El embriagador aroma a secuoya, que conseguía superponerse a los olores estériles del hospital, invadió mis sentidos.
—Estoy bien, Marshal. Estoy bien —me quejé apenas desapareció el mareo. Era como si, cada vez que me movía, dejara atrás una parte de mí y, hasta que no lograba alcanzarme, estuviera desnuda. Exhausta, me senté con los pies colgando y apoyé la cabeza en su pecho mientras intentaba no desmayarme. Entonces apoyó sus manos en mí y me sentí increíblemente bien. No de un modo sexual, (¡Dios! Estaba en una cama de hospital con el pelo estropajoso y vestida con un camisón azul diamante), sino, más bien, como si su preocupación me ayudara a recobrar las fuerzas.
Después de que sus insistentes y nerviosas manos me ayudaran a tumbarme de nuevo, me rodeó con la manta. Me quedé quieta y dejé que se ocupara de mí.
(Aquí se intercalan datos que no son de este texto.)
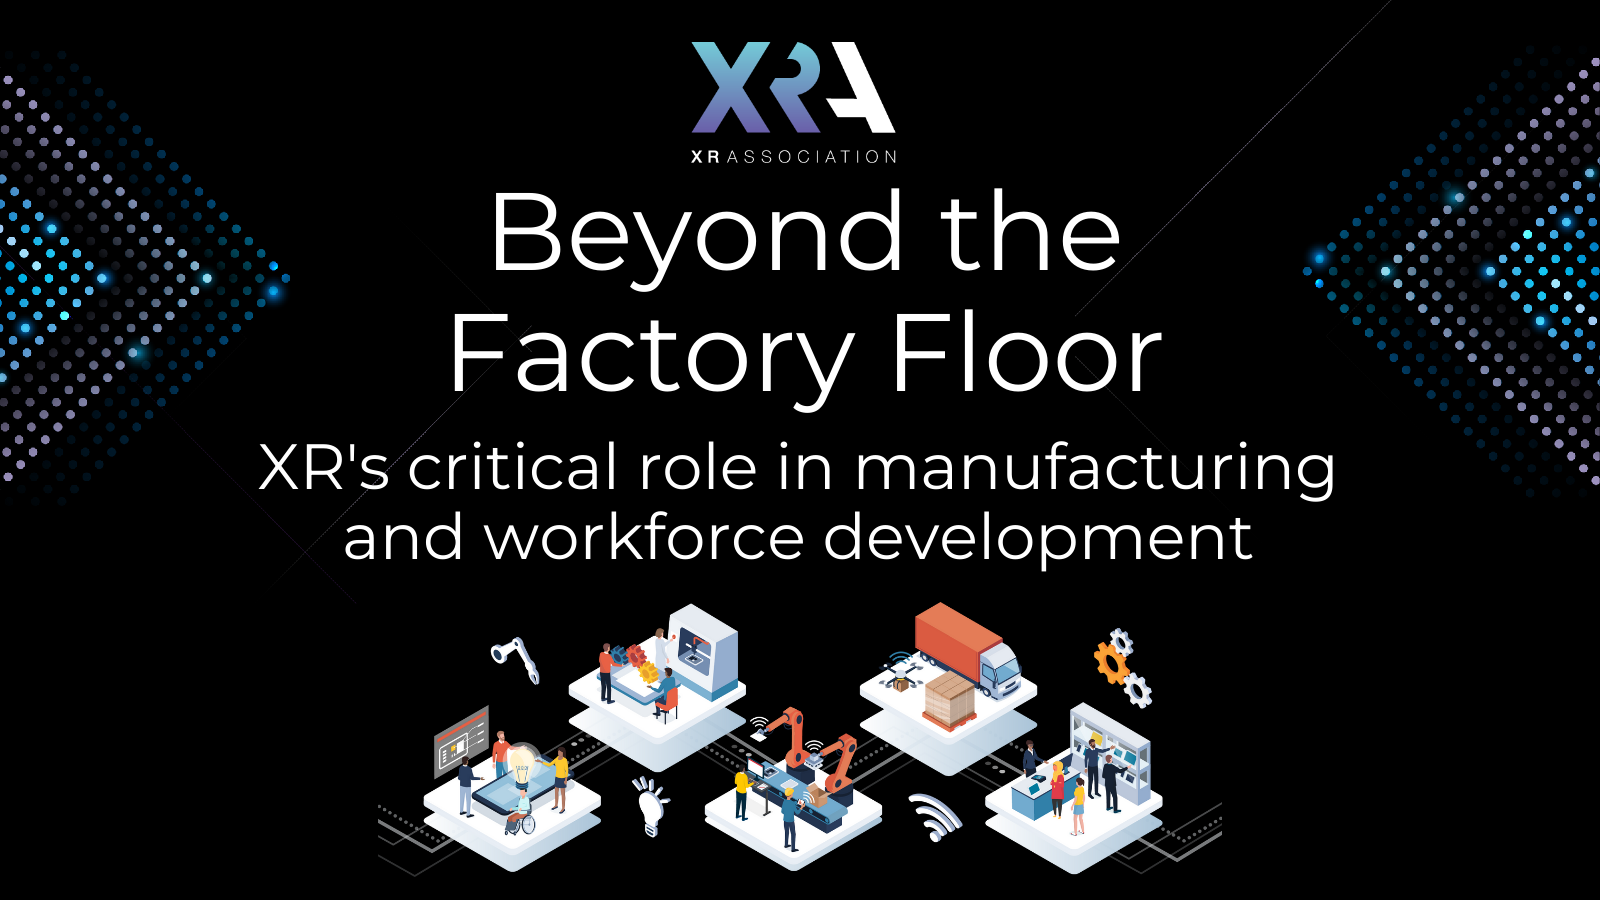 INSIGHTS ON THE FUTURE OF XR IN MANUFACTURING

Probablemente, mi actitud alimentó su complejo de caballero andante, pero ¿qué otra cosa podía hacer? Si mi aura estaba hecha trizas, lo más seguro es me estuviera ayudando a recuperar una parte. Los gestos de cariño genuinos ayudaban a reparar los desgarros, de la misma manera que la energía negativa de alguien que me cayera mal podría aumentar el daño.
—De verdad —dije mientras me entregaba el enorme vaso de agua helada como si aquello fuera a mejorar las cosas—, estoy bien. Solo tengo que evitar los movimientos bruscos.
No obstante, las manos me temblaban y sentía náuseas. El agua parecía ayudar, así que tomé un buen trago notando cómo me bajaba por la garganta.
—Si se entera que te he dejado poner los pies en el suelo, Ivy me romperá uno a uno todos los dedos —rezongó, cogiendo de nuevo el vaso cuando se lo tendí—. Y ahora, sé buena durante los próximos veinte minutos y no hagas que me meta en un lío, ¿vale?
Intenté esbozar una sonrisa, pero por dentro estaba temblando. La fatiga se estaba apoderando de mí, trayéndome a la memoria los años que pasé entrando y saliendo de los hospitales.
—Ni siquiera sé muy bien lo que pasó —me quejé—. Quiero decir, recuerdo que todo se volvió negro, pero luego… ¡zas!
Marshal volvió a sentarse en el borde de la cama como si pensara que iba a intentar levantarme de nuevo.
—No me extraña. Es una banshee, Rachel. ¿En qué estabas pensando? Tienes suerte de seguir con vida.
Levanté el hombro derecho y lo dejé caer de nuevo. ¿Quién más tenía alguna posibilidad de atraparla? Probablemente había sido Edden el que había hecho que me ingresaran. Y quizá esa era la razón por la que estaba en la planta de los humanos. Podía pasar la convalecencia en casa por mucho menos dinero. David se iba a cabrear de lo lindo cuando me subieran la prima de la póliza.
Recordando a Marshal, suspiré.
—Así es, una banshee. Y su hija. Y su marido el asesino. Ni más ni menos que en el centro comercial.
Él esbozó una sonrisa en la que se percibía un pequeño atisbo de orgullo.